Find the Sum of all natural number between 200 and 300 which is divisible by 7
Answers
so a= 203
d= 7
a(n) =294
a(n) = a+(n-1)d
294 = 203 + (n-1)7
294 = 203 +7n-7
294 = 196 + 7n
294-196 = 7n
98 =7n
98/7 =n
14 = n
s(n) = n/2[2a+(n-1)d]
s(14) =14/2[2×203 +(14-1)7]
= 7(406+13×7)
= 7(406+91)
= 7 (497)
= 3,479
So the sum is equal to 3,479
Given:
The natural numbers between 200 and 300
To find:
The sum of all natural numbers between 200 and 300 divisible by 7
Solution:
The sum of all natural numbers between 200 and 300 divisible by 7 is 3,479.

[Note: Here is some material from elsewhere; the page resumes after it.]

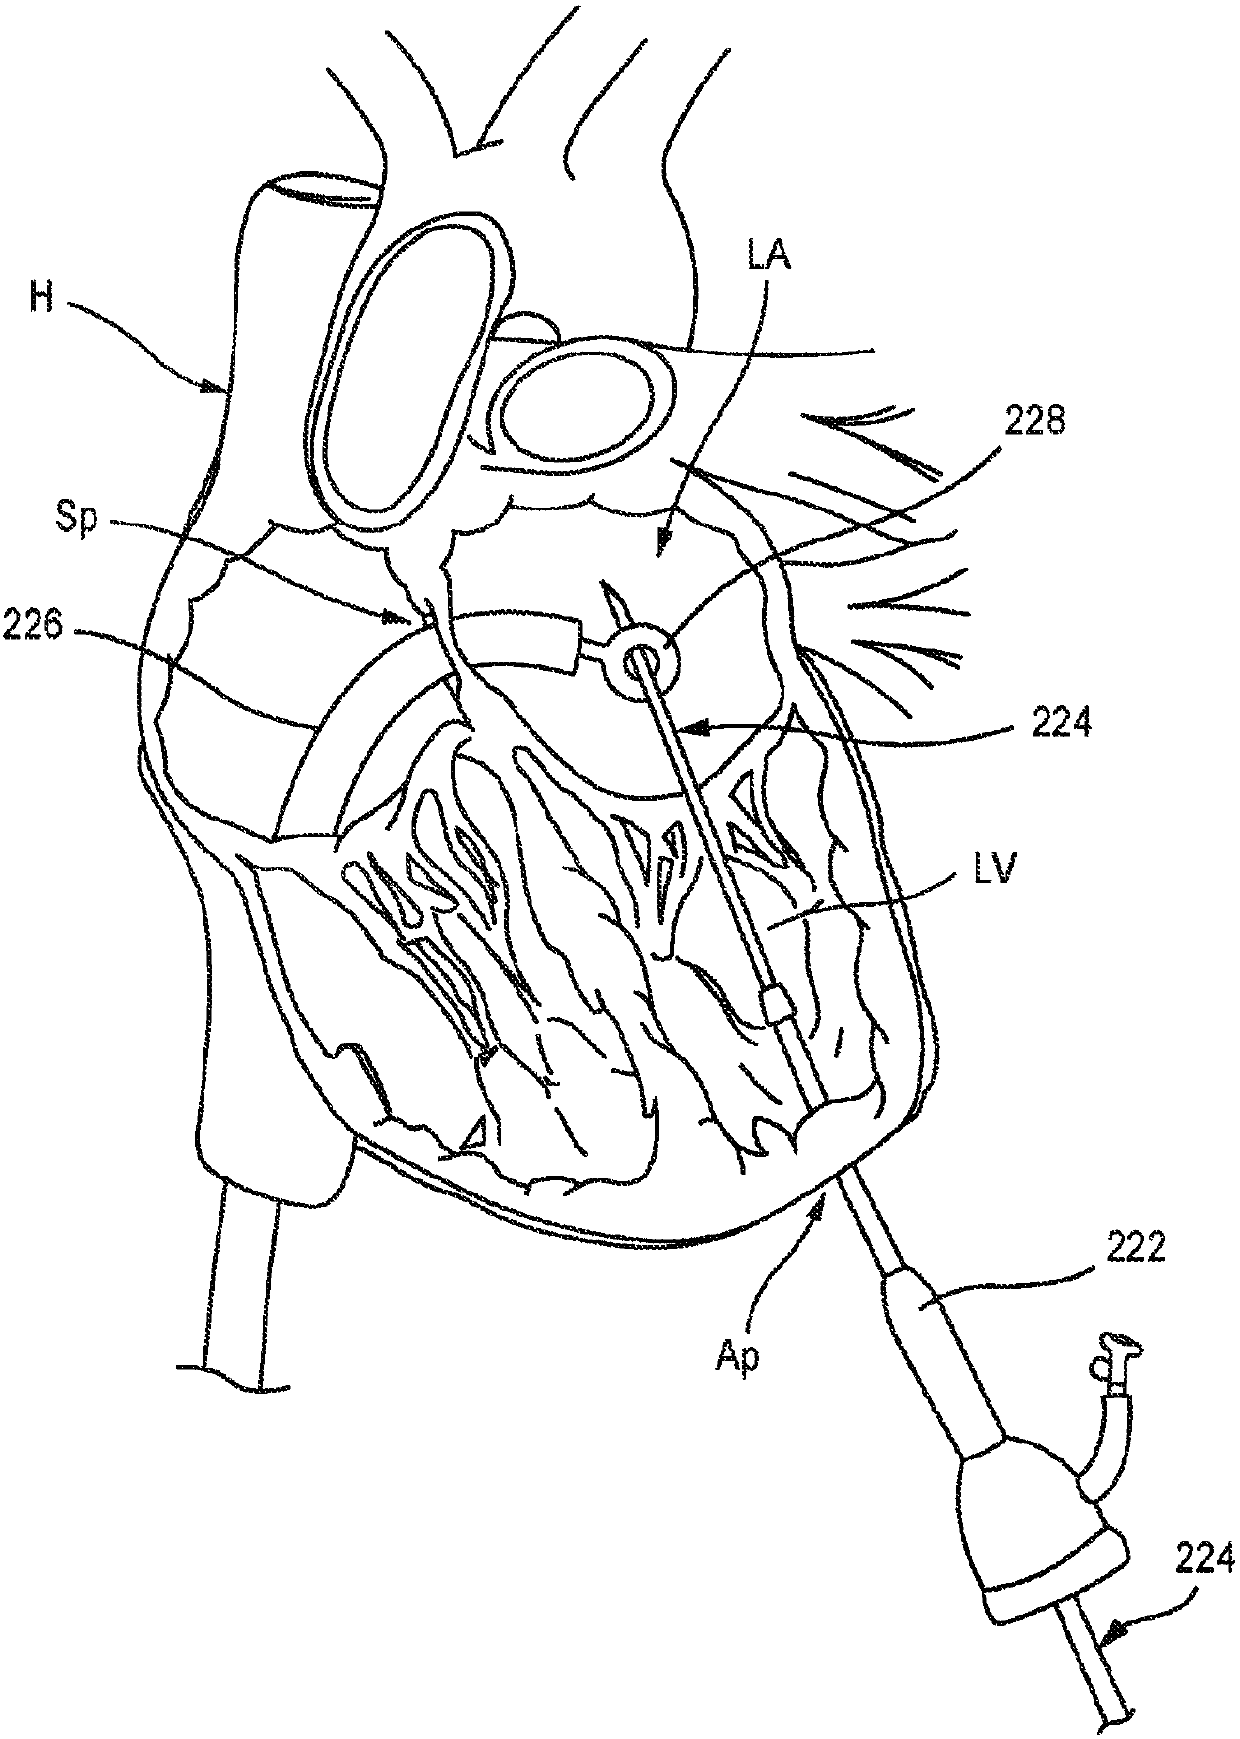 Apical control of transvascular delivery of prosthetic mitral valve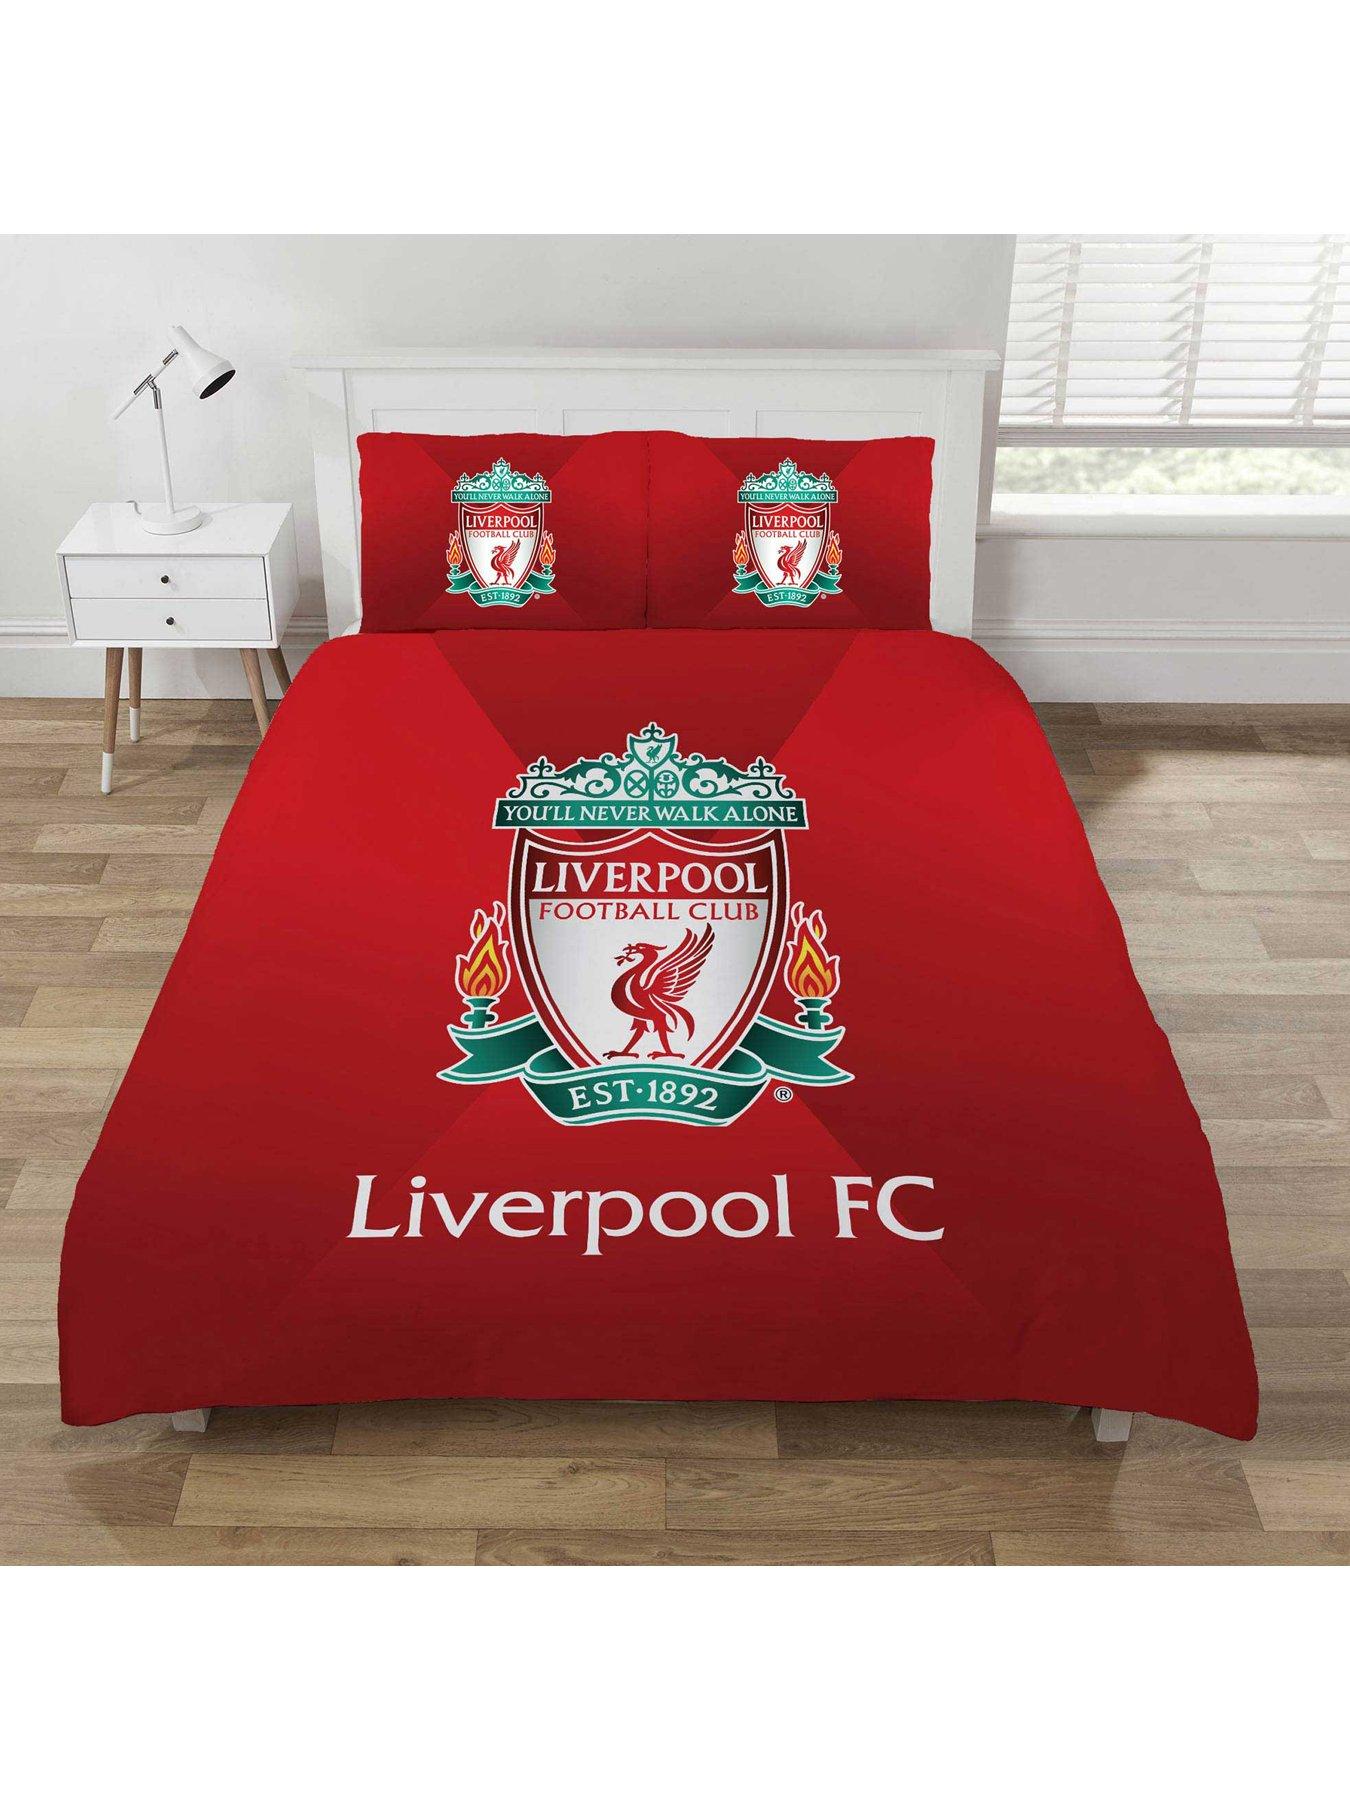 Liverpool F.c Bedroom Lamp Official Merchandise Fc Football Licensed Product

We can calculate the sum by following the given steps-
We know that the smallest and largest natural number between 200 and 300 that are also divisible by 7 is 203 and 294, respectively.
The sequence becomes 203, 210, and so on till 294.
So, an A.P. is formed.
The first term, a=203
The last term, l=294
The common difference, d=7
The number of terms, n=(last term-first term)/common difference+1
n=(294-203)/7+1
n=91/7+1
n=13+1=14 terms
The sum of the A.P. can be obtained by using the following formula-
Sum of all such natural numbers=n/2×(a+l)
On putting the values,
Sum=14/2(203+294)
=7(497)
=3,479
Therefore, the sum of all natural numbers between 200 and 300 divisible by 7 is 3,479.